MacCORMAC, SIR WILLIAM, Bart. (1836-1901), Irish surgeon, was born at Belfast on the 17th of January 1836, being the son of Dr Henry MacCormac. He studied medicine and surgery at Belfast, Dublin and Paris, and graduated in arts, medicine and surgery at the Queen’s University of Ireland, in which he afterwards became an examiner in surgery. He began practice in Belfast, where he became surgeon to the General Hospital, but left it for London on his marriage in 1861 to Miss Katherine M. Charters. In the Franco-German War of 1870 he was surgeon-in-chief to the Anglo-American Ambulance, and was present at Sedan; and he also went through the Turco-Servian War of 1876. He became in this way an authority on gun-shot wounds, and besides being highly successful as a surgeon was very popular in society, his magnificent physique and Irish temperament making him a notable and attractive personality. In 1881 he was appointed assistant-surgeon at St Thomas’s Hospital, London, and for twenty years continued his work there as surgeon, lecturer and consulting surgeon. In 1881 he acted as honorary secretary-general of the International Medical Congress in London, and was knighted for his services. In 1883 he was elected member of the council of the College of Surgeons, and in 1887 a member of the court of examiners; in 1893 he delivered the Bradshaw lecture, and in 1896 was elected president, being re-elected to this office in 1897, 1898, 1899, and 1900 (the centenary year of the college), an unprecedented record. In 1897 he was created a baronet, and appointed surgeon-in-ordinary to the prince of Wales. In 1899 he was Hunterian Orator. In the same year he volunteered to go out to South Africa as consulting surgeon to the forces, and from November 1899 to April 1900 he saw much active service both in Cape Colony and Natal, his assistance being cordially acknowledged on his return. In 1901 he was appointed honorary serjeant-surgeon to the king. But during 1898 he had suffered from a prolonged illness, and he had perhaps put too much strain on his strength, for on the 4th of December 1901 he died somewhat suddenly at Bath. Besides treatises on Surgical Operations and Antiseptic Surgery, and numerous contributions to the medical journals, MacCormac was the author of Work under the Red Cross and of an interesting volume commemorating the centenary of the Royal College of Surgeons in 1900. The latter contains biographical notices of all the masters and presidents up to that date.

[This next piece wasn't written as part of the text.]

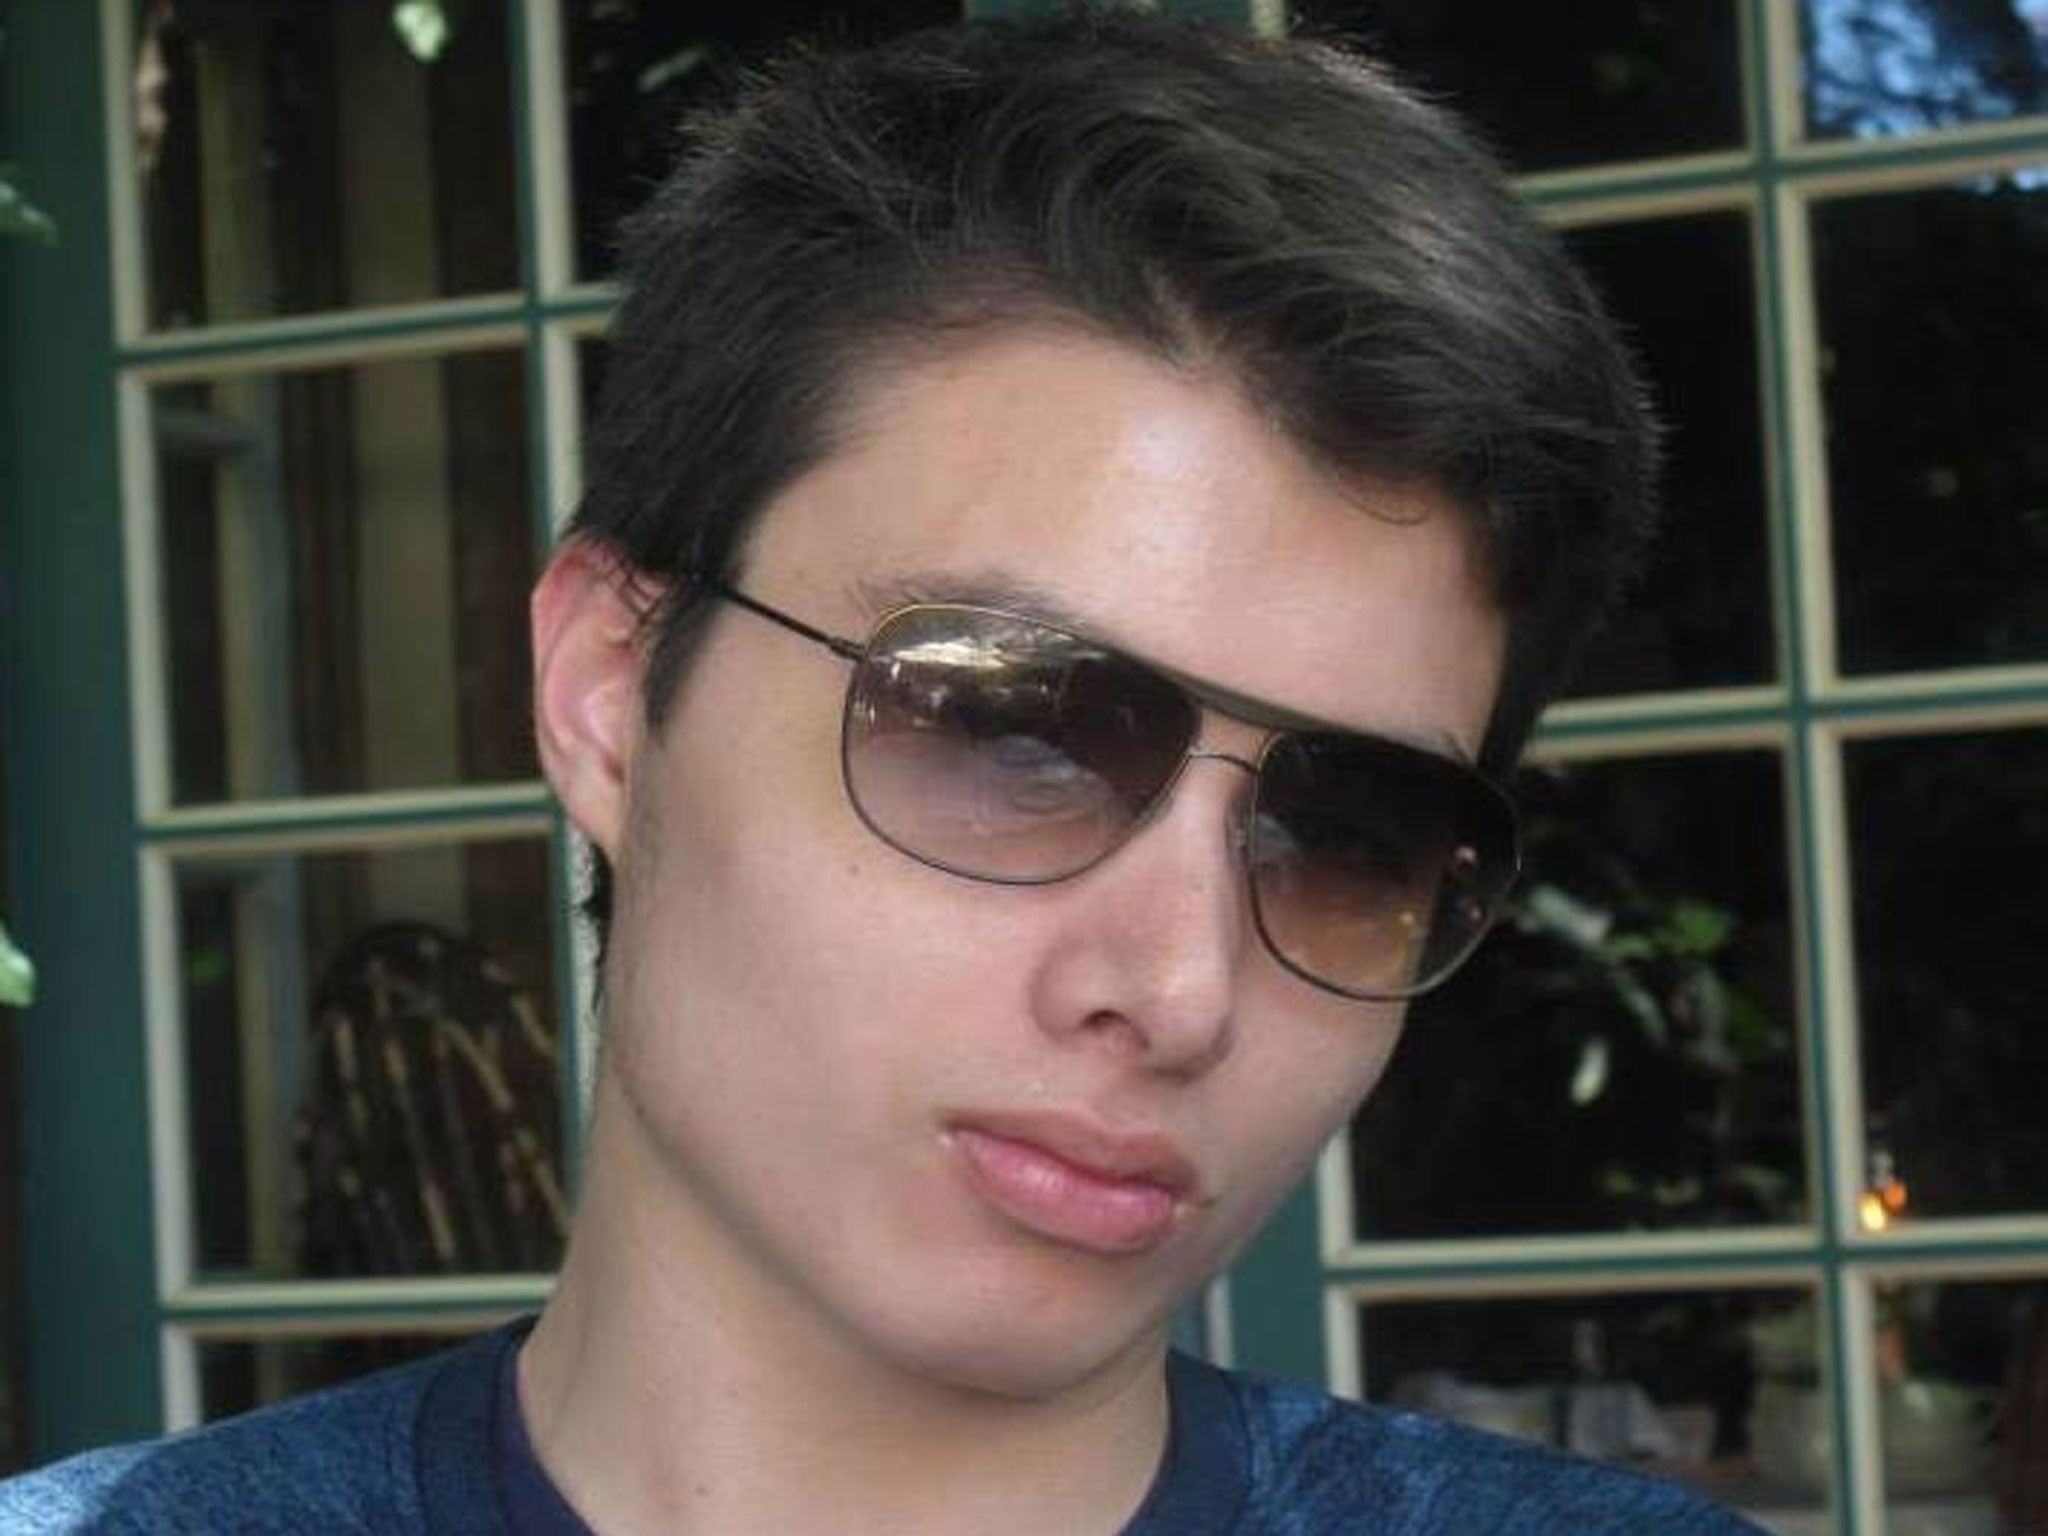 The 22-year-old mass-murderer Elliot Rodger posted details of what he planned to do in video posts and a 141-page manifesto online

McCORMICK, CYRUS HALL (1809-1884), American inventor of grain-harvesting machinery, was born at Walnut Grove, in what is now Roane county, W. Va., U.S.A., on the 15th of February 1809. His father was a farmer who had invented numerous labour-saving devices for farmwork, but after repeated efforts had failed in his attempts to construct a successful grain-cutting machine. In 1831, Cyrus, then twenty-two years old, took up the problem, and after careful study constructed a machine which was successfully employed in the late harvest of 1831 and patented in 1834. The McCormick reaper after further improvements proved a complete success; and in 1847 the inventor removed to Chicago, where he established large works for manufacturing his agricultural machines. William H. Seward has said of McCormick’s invention, that owing to it “the line of civilization moves westward thirty miles each year.” Numerous prizes and medals were awarded for his reaper, and he was elected a corresponding member of the French Academy of Sciences, “as having done more for the cause of agriculture than any other living man.” He died in Chicago on the 13th of May 1884.
See Herbert N. Casson, Cyrus Hall McCormick: his Life and Work (Chicago, 1909).